Went out to Johsnons Beach this morning at about 9. The wind was more from the East than I had hoped which made the surf pretty rough. It was mainly just choppy waves and a strong current. About 20 minutes in I caught a medium size whiting. I had a few more bites but didnt land anything for a little while. I was sitting in my chair when I saw one of my rods start to come tight so I started moving that way. All of a sudden it doubled over and the rod came out of the sand spike. I almost was able to grab my rod then but it fell in the water, I chased after it but was not able to grab it before it got pulled away. There goes a reliable Penn fierce 5000 and Daiwa coastal series rod. I hate to see it go because its served me well but that means i will get to buy another. I assume that it was a large ray by the way that it hit, there was no head shakes just a solid strong pull. My drag was to tight from having to reel in the weights in the rough current. However i was able to pull in 2 fat pompano, 12 and 15 inches. The bigger one had some really big shoulders and was right at 3 pounds. I also kept 3 of the biggest whiting I have ever caught. The biggest one was right at 2 pounds. I threw back many average sized whiting. All fish were caught on fresh dead shrimp because my sand flea rake is broke for the time being. If my setup does happen to wash up please contact me, that was one of my most reliable setups. Woulda been a great day if it wasnt for losing the rod. Get out there and go catchem because theyre biting pretty good right now.


----------



## ChileRelleno (Jul 7, 2012)

Nice mess of fish for dinner, fine eating.

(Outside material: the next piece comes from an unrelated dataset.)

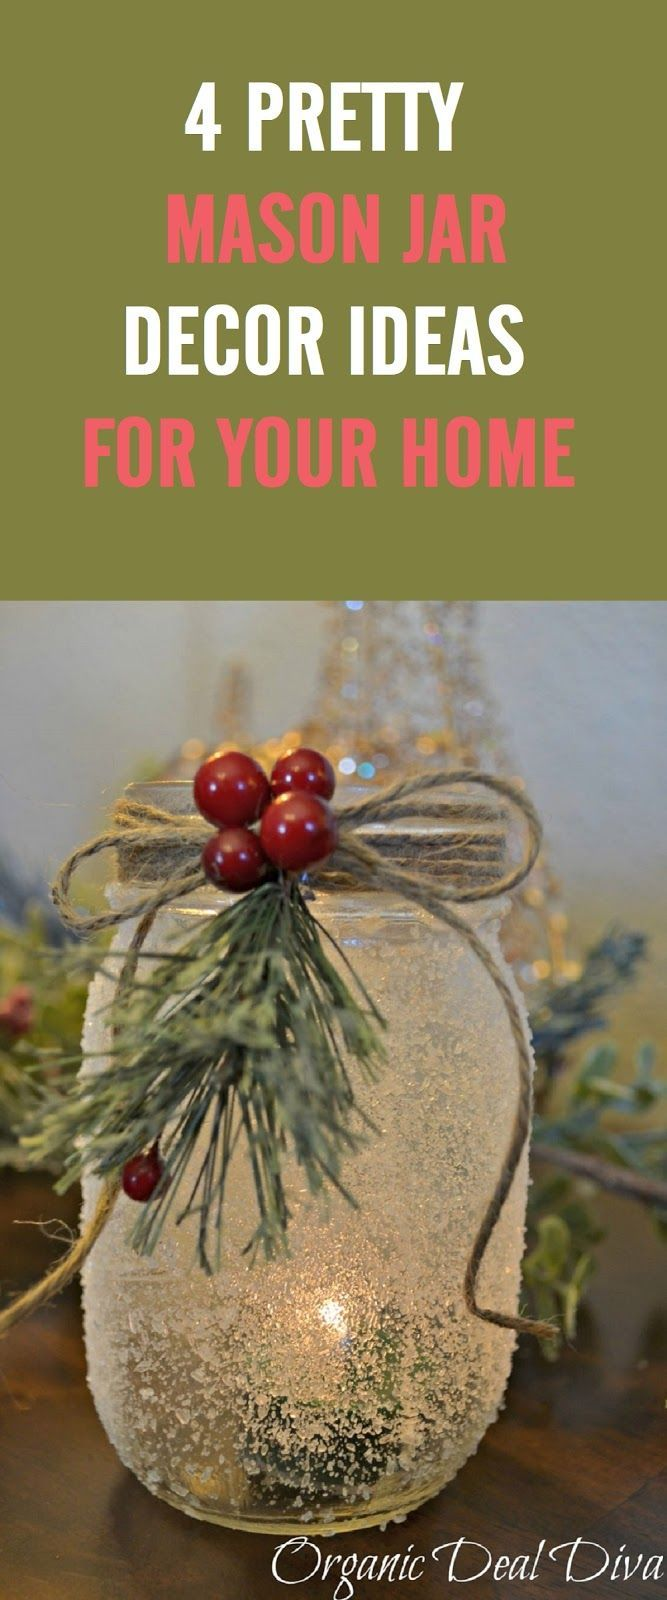 Masonjar Homedecor Christmasdecorationsdiy Mason Jar Decorations Christmas Mason Jars Christmas Jars

That sucks, but ya learned from it... Right?


----------



## Scouticus (Jul 23, 2015)

I remembered my rubber mallet today. Didn't need it for my one pompano but I finally remembered it and felt a lot more confident with the spikes driven in an extra 6 inches. Spent 2 hours cleaning my reel after a similar episode last week but I grabbed it just in time. I guess it happens to everyone at some point. Nice dinner at least and we'll keep our eyes peeled for your gear!


----------



## GROUPERKING (Sep 28, 2011)

Nice fish ! Thanks for the report. I've been working way too many hours lately and haven't had a chance to go. I've been waiting patiently for someone to post up a pomp report.


----------



## Scouticus (Jul 23, 2015)

Lots of pompano off chicken bone, did not catch anything else for once! no cats, no skate, just dinner! Top water blow ups all over in the first cut too.


----------



## fishin for pompanos (May 10, 2012)

Those are beautiful fish there SHAKE N' BAKE. Great report.


----------



## Ocean Master (May 20, 2008)

Stop my sometime and I'll give you a Fierce 5000 to replace the one the fishes are playing with..!!

Keith

I'm serious..!! Its been fully serviced and has new Carbontex drags, handle, and whatever was needed to make it like new. It is full of red Power Pro 50lb. never used. Come and get it..!!


----------



## kayakfisher33 (Feb 7, 2012)

If you suck into the sand spike you can get it as far down as you want. It may sound funny but it works great. Just need some wet sand


----------



## Drum Bum (Oct 1, 2014)

kayakfisher33 said:


> If you suck into the sand spike you can get it as far down as you want. It may sound funny but it works great. Just need some wet sand


Do you mind maybe posting up a video tutorial for us rookies? I'd like to learn how to do that, I've had too many rods getting pulled up :thumbup: :thumbup:


----------



## Snagged Line (Sep 30, 2007)

kayakfisher33 said:


> If you suck into the sand spike you can get it as far down as you want. It may sound funny but it works great. Just need some wet sand



Not sure if I would have worded it quite that way but, I usually put my palm across the top of the PVC and quickly pull it out of the ground a few times to remove a couple of plugs of sand before driving it home with a mallet...... It also helps to have the pvc rod Holder cut at a very sharp angle rather than the blunt angle most of them seem to be… I cut mine with a hacksaw, as close to parallel as I can to get a sharp point....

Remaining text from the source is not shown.